Eine Marktverzerrung mit Folgen. Während des Börsenbooms der vergangenen Jahre hatten immer mehr chinesische Bürger ihre Ersparnisse am Aktienmarkt investiert - in der Hoffnung, noch rechtzeitig vom beispiellosen Boom der Shanghaier Börse zu profitieren.
Da die Sparzinsen in der Regel unter der Inflationsrate liegen und Aktien über Monate hinweg mit spektakulären Kurssteigerungen lockten, wurde Spekulieren zum Volkssport: Bürger investierten auch kleinere Beträge, nahmen Kredite auf, um Aktien zu kaufen. An den Börsenschautafeln der Banken in Shanghai oder Peking bilden sich regelmäßig Menschentrauben.
Petrochina, Alibaba und der Spekulationswahn
IPO von Petrochina zum Höhepunkt des Börsenwahns
Höhepunkte der Spekulationsblase waren die Börsengänge des Öl- und Gaskonzerns Petrochina sowie des Internetanbieters Alibaba Anfang November 2007. Beide Unternehmen starteten mit Kursgewinnen von mehr als 200 Prozent in den Handel.
Petrochina, das überwiegend in staatlicher Hand ist und nur 14 Prozent der Anteile an die Börse gebracht hat, wurde durch den Börsenrausch mit einer Bewertung von mehr als einer Billion Dollar zeitweise zum rechnerisch wertvollsten Unternehmen der Welt. Das war mehr als doppelt so viel wie der US-Konkurrent Exxon Mobil.
Doch am heutigen Freitag ist die Notierung von Petrochina wieder unter den Ausgabekurs von 16 Yuan gefallen.
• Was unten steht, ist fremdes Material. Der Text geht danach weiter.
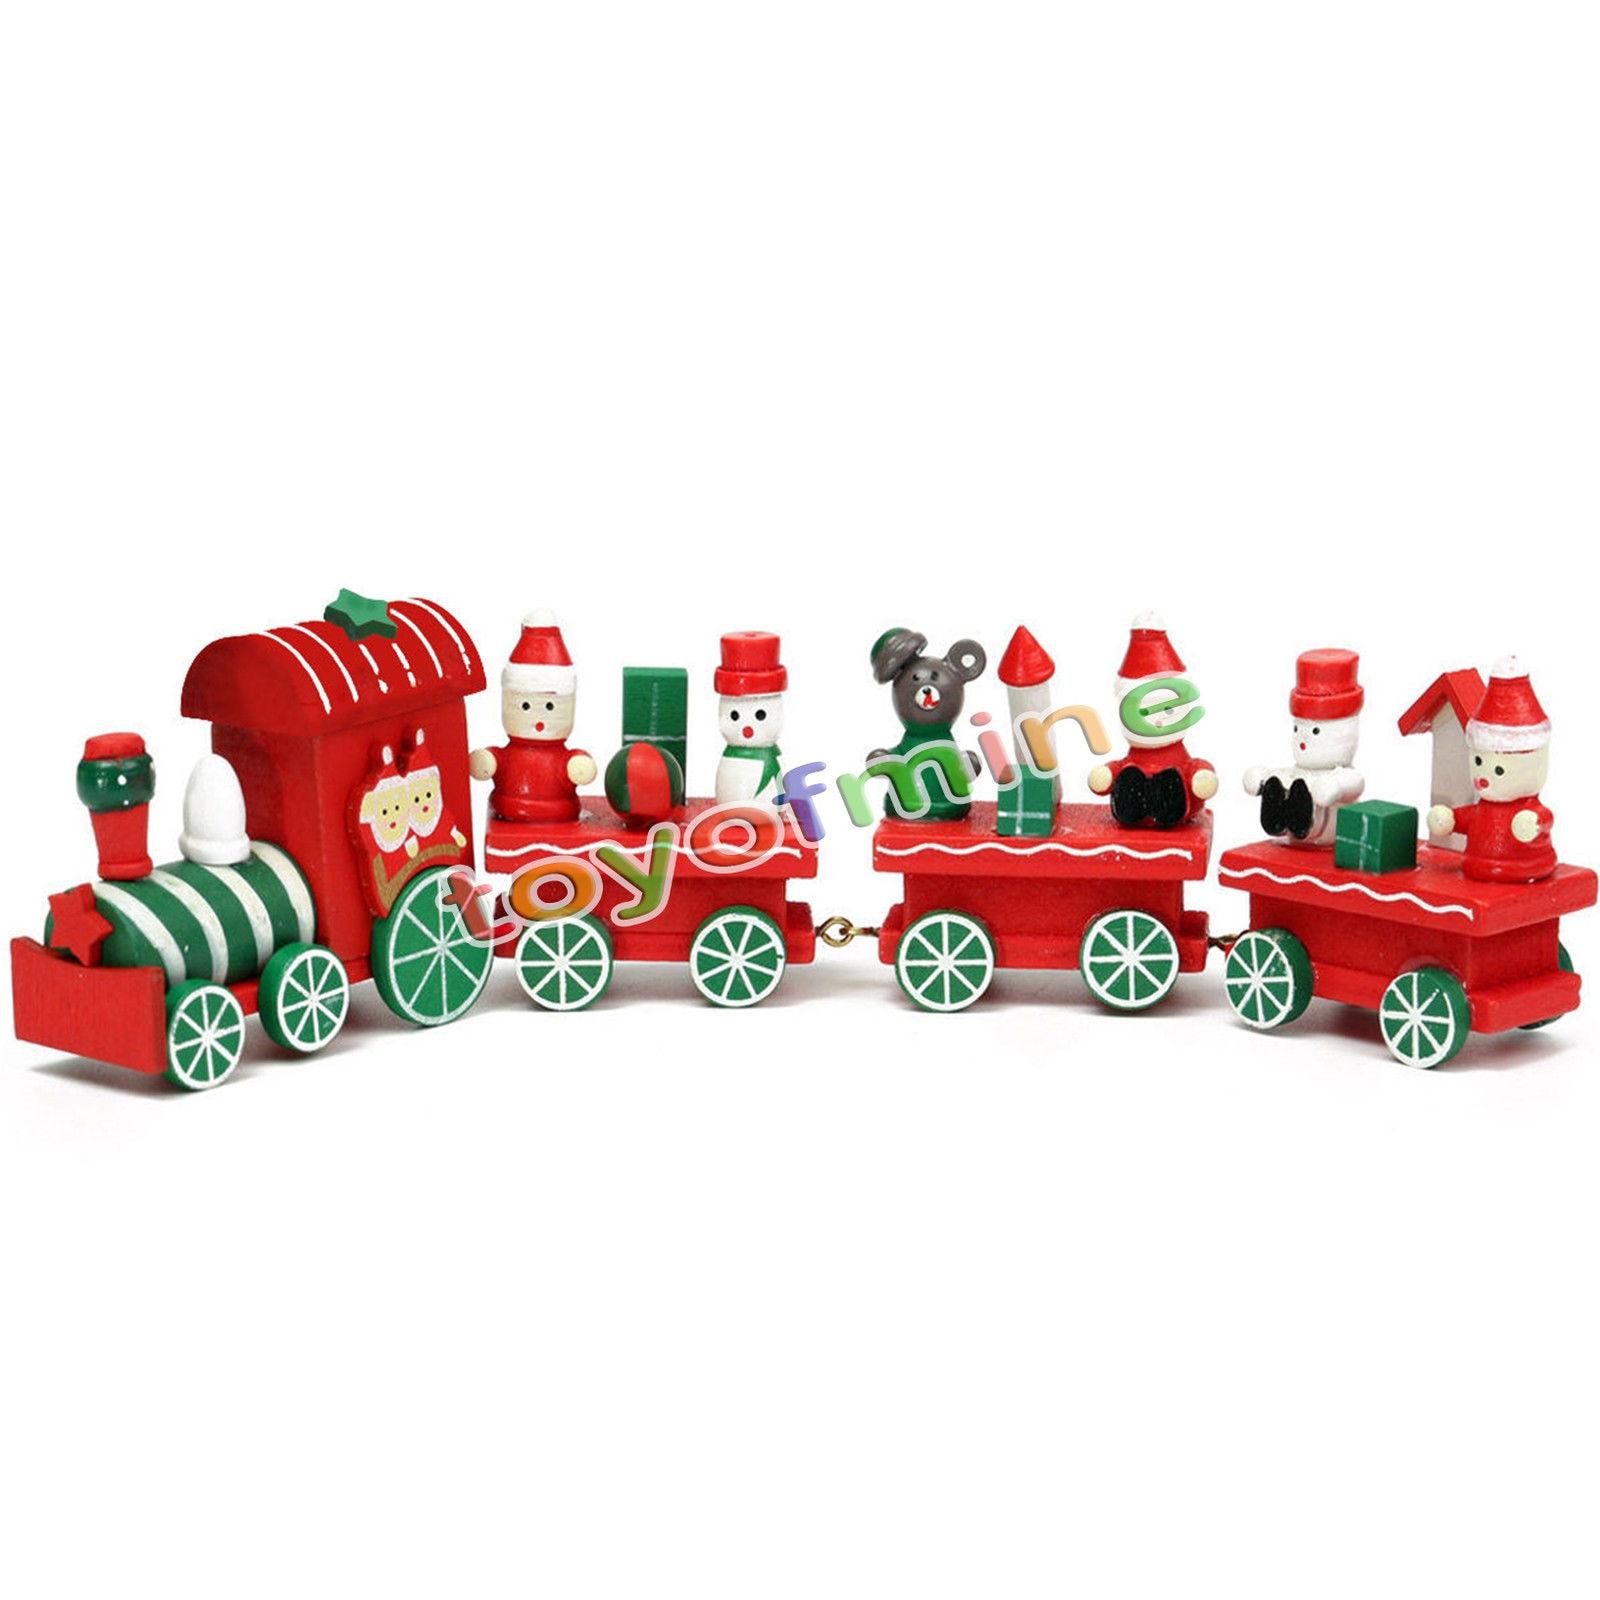 #8E1613 Kid Lovely 4 Piece Little Train Wood Christmas Train  6083 decoration de noel train electrique 1600x1600 px @ aertt.com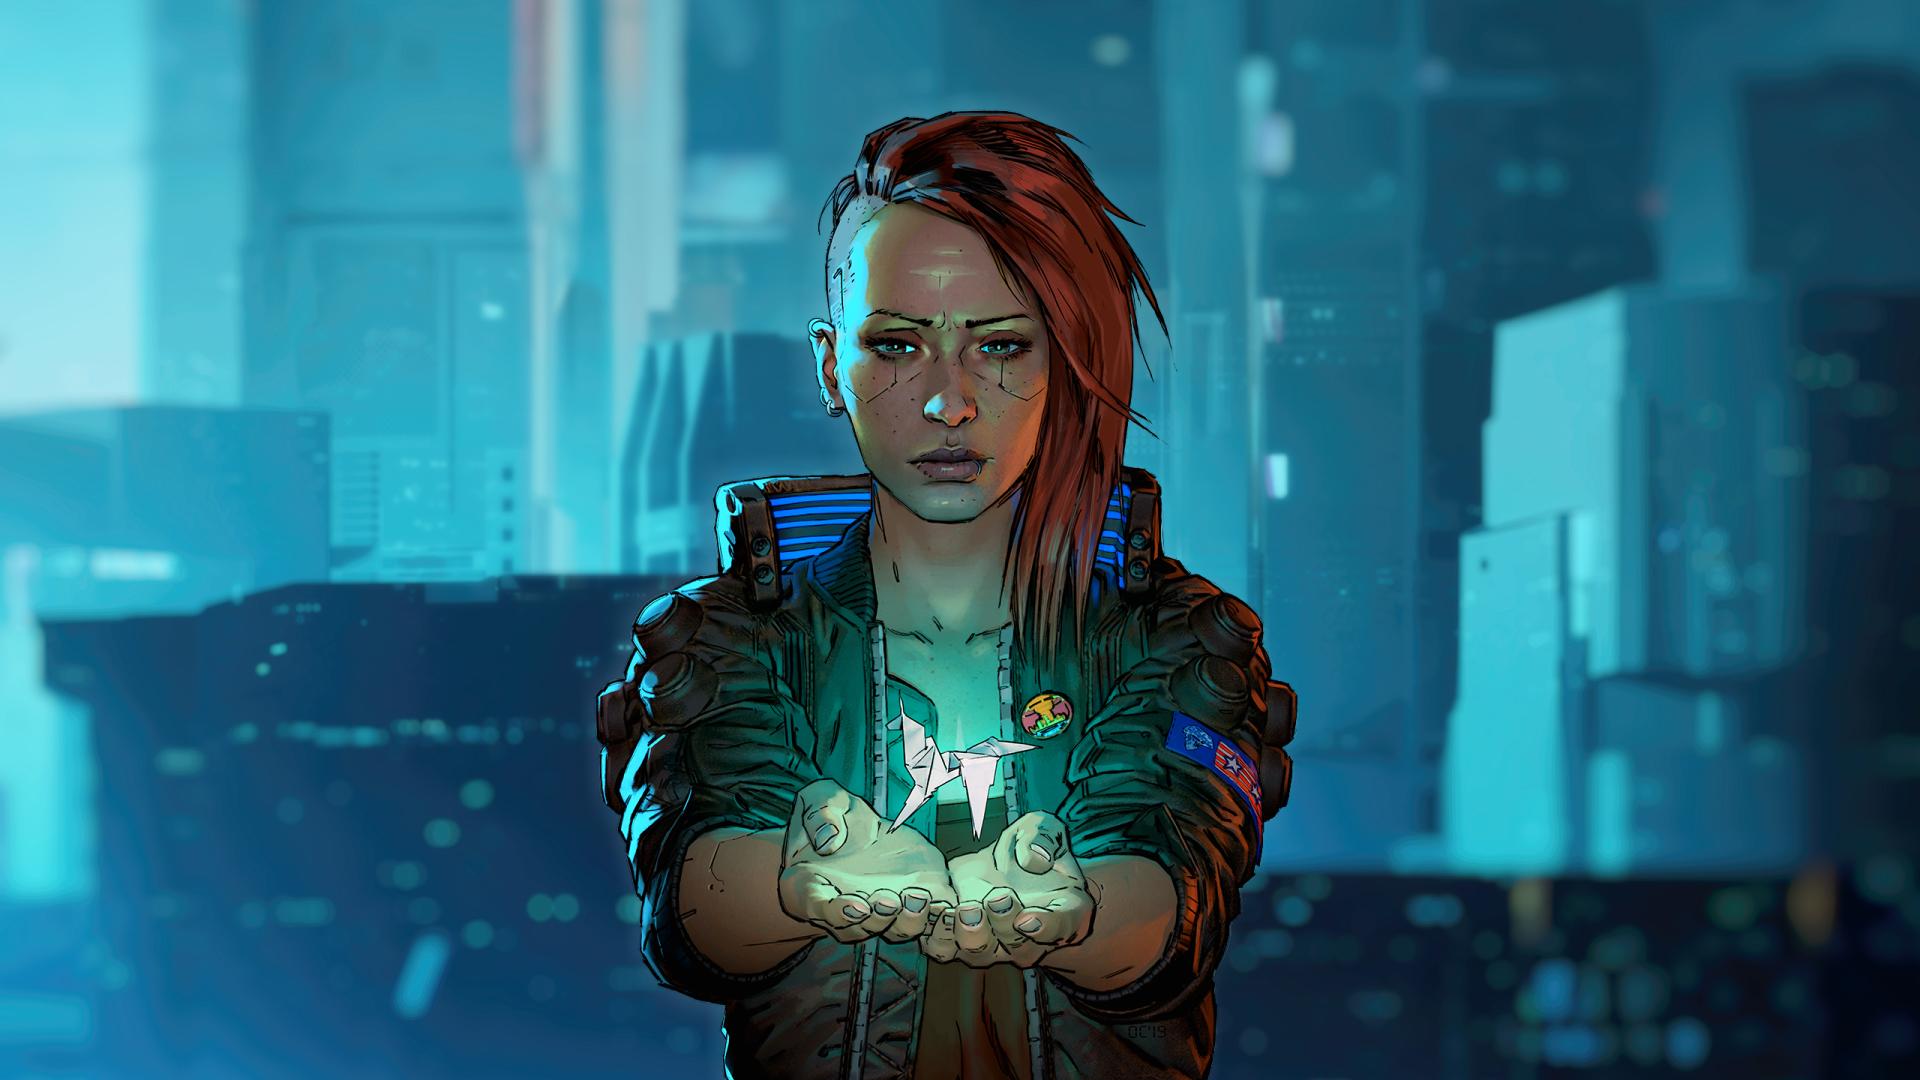 2560x1080 Female V Cyberpunk 2077 2560x1080 Resolution ...

Anleger, die während der Börsenhysterie im November Petrochina-Aktien für rund 45 Yuan kauften, haben binnen weniger Monate zwei Drittel ihres Einsatzes verloren. Auch die Aktie von Alibaba, die im November an der Frankfurter Börse zeitweise mehr als vier Euro kostete, ist inzwischen für 1,10 Euro zu haben.
Ausländer zogen Geld ab
Bereits zum Börsengang von Petrochina zogen zahlreiche ausländische Investoren Geld ab: Während die in Shanghai gehandelte A-Aktie von Petrochina noch rasant stieg, gaben in Hongkong gehandelte H-Aktien von Petrochina bereits nach.
Warnende Stimmen aus dem Ausland gab es genug: Der US-Investor Warren Buffett zum Beispiel verkaufte im November einen Großteil seiner Petrochina-Aktien, in die er seit dem Jahr 2000 eingestiegen war, mit einem Hinweis auf die drohende Überhitzung des Marktes. Seinen Einsatz hatte er mehr als verzehnfacht. Für chinesische Sparer, die in den vergangenen Monaten dem Spekulationsfieber erlagen, ist das ein schwacher Trost.